WORK TO BE COMPLETED
How do the lines read from the one holding "Best 25 Build" through the last line of the listing? Set them down exactly, pictures omitted.

DATA SHOWN
..........

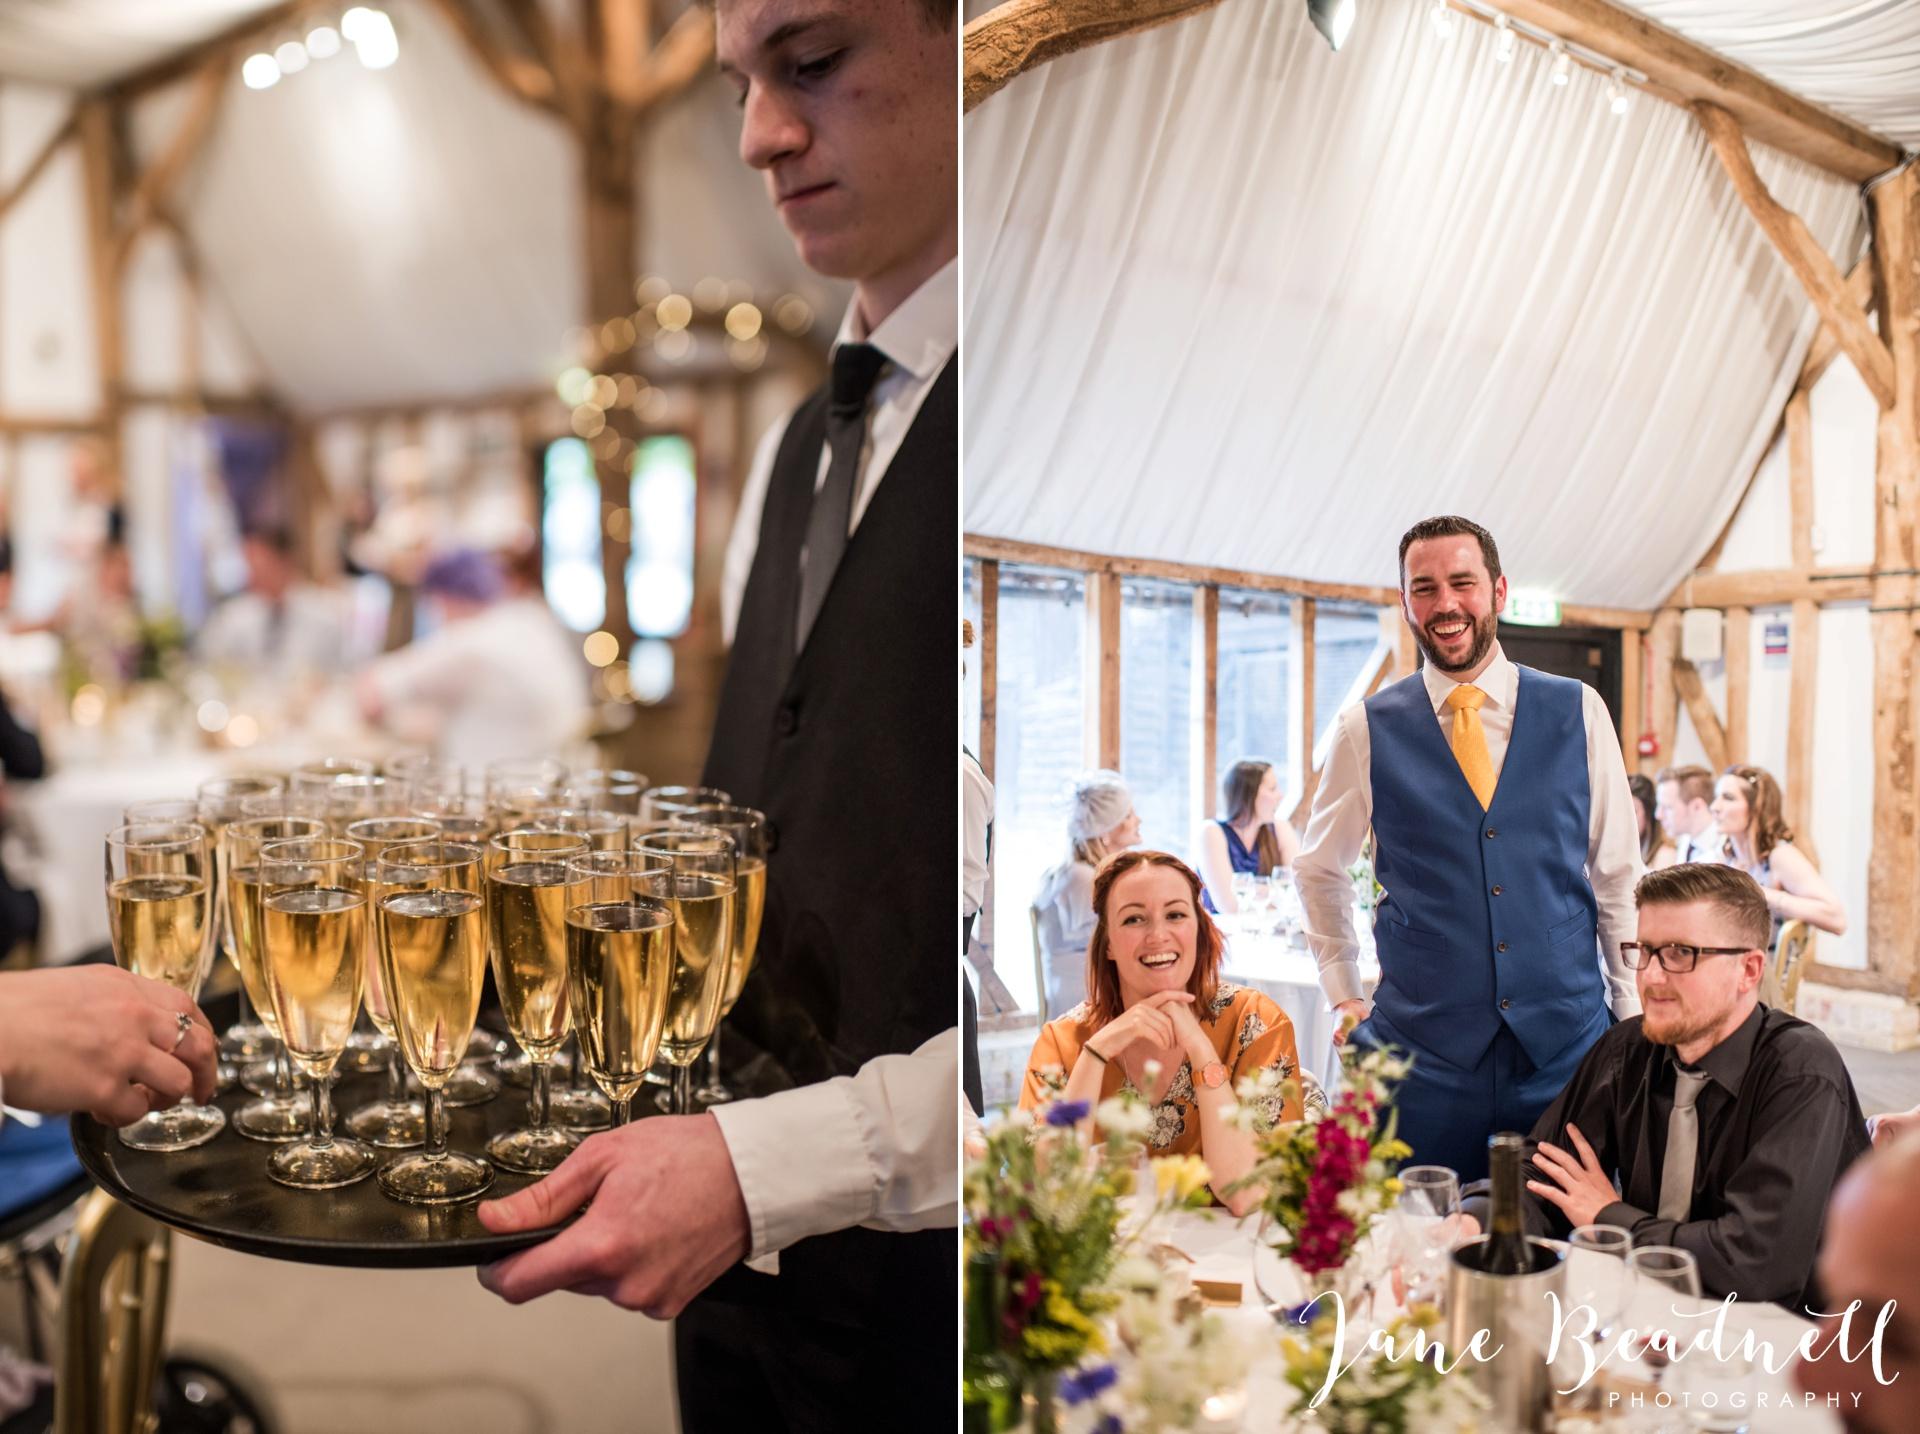 South Farm Wedding photography Hertfordshire by Jane Beadnell Photography fine art wedding photographer_0187
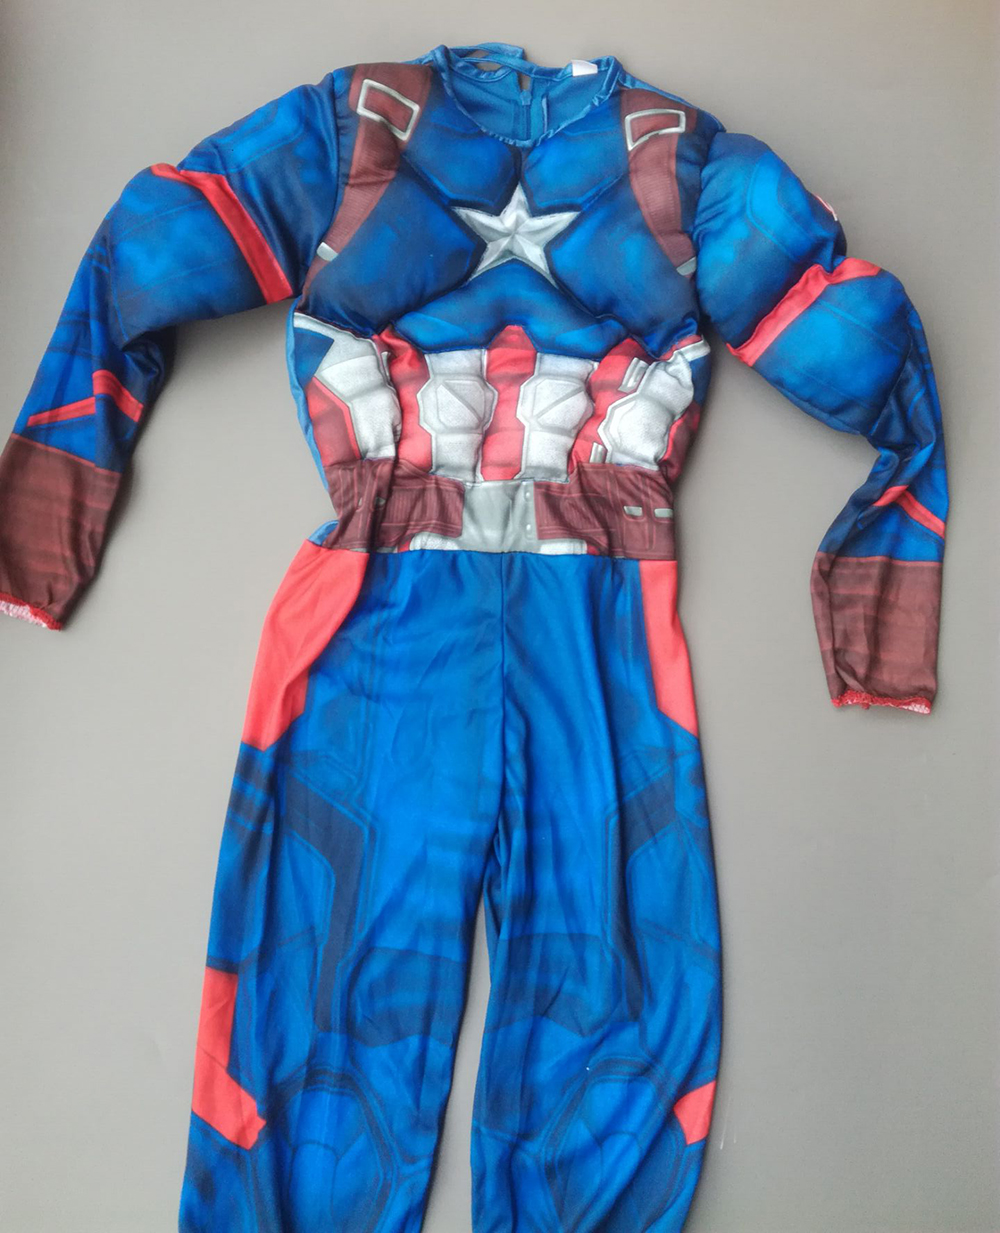 Superhero Kids Muscle Captain America Kostym Avengers Child Cosplay - Nye produkter - Bilde 5
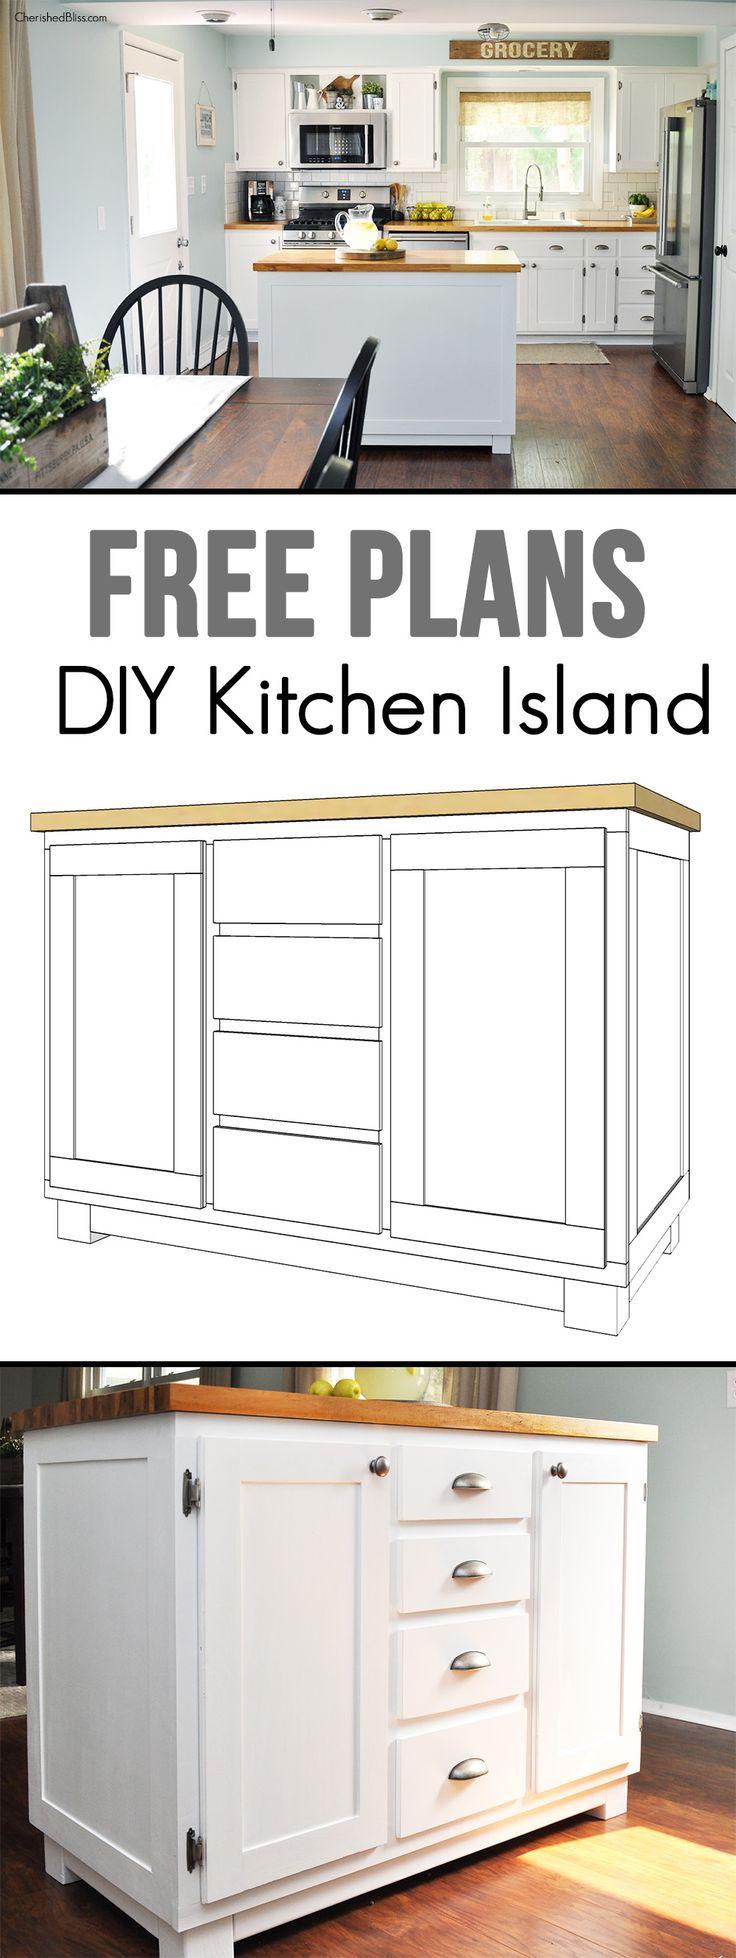 Best 25 Build kitchen island ideas on Pinterest  Build
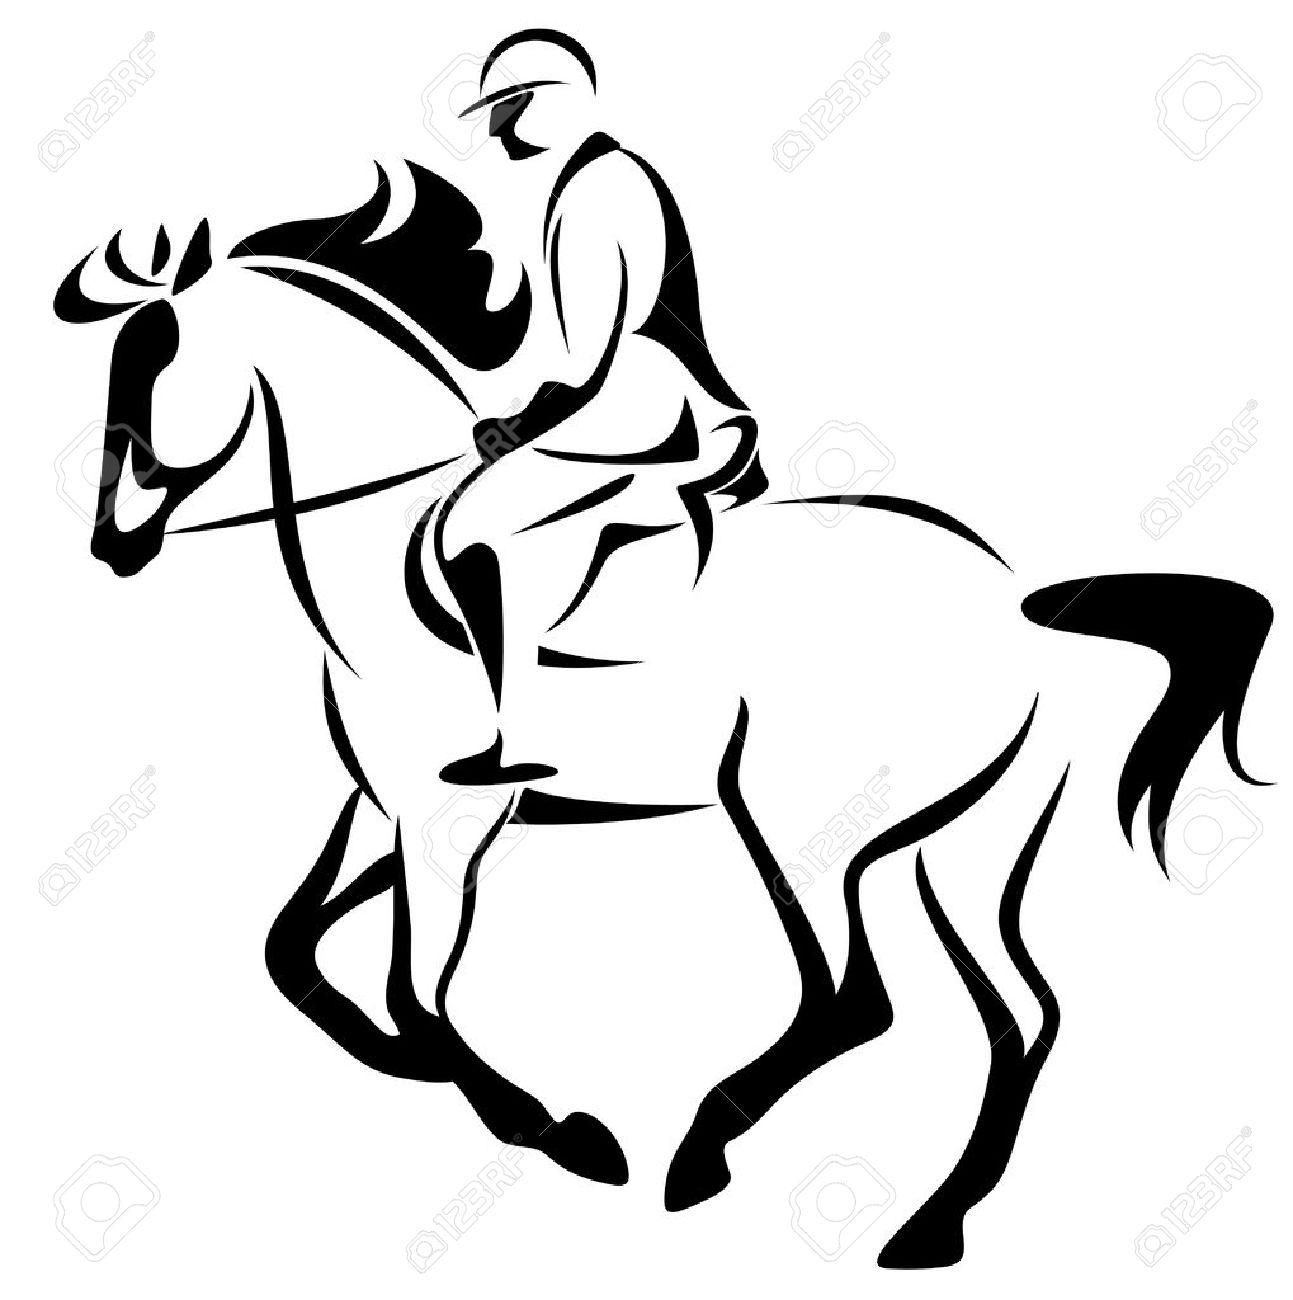 equestrian emblem horse riding illustration royalty free cliparts rh 123rf com horse riding clipart free horseback riding clipart

..........

RESPONSE BOX
 Best 25 Build kitchen island ideas on Pinterest  Build
 equestrian emblem horse riding illustration royalty free cliparts rh 123rf com horse riding clipart free horseback riding clipart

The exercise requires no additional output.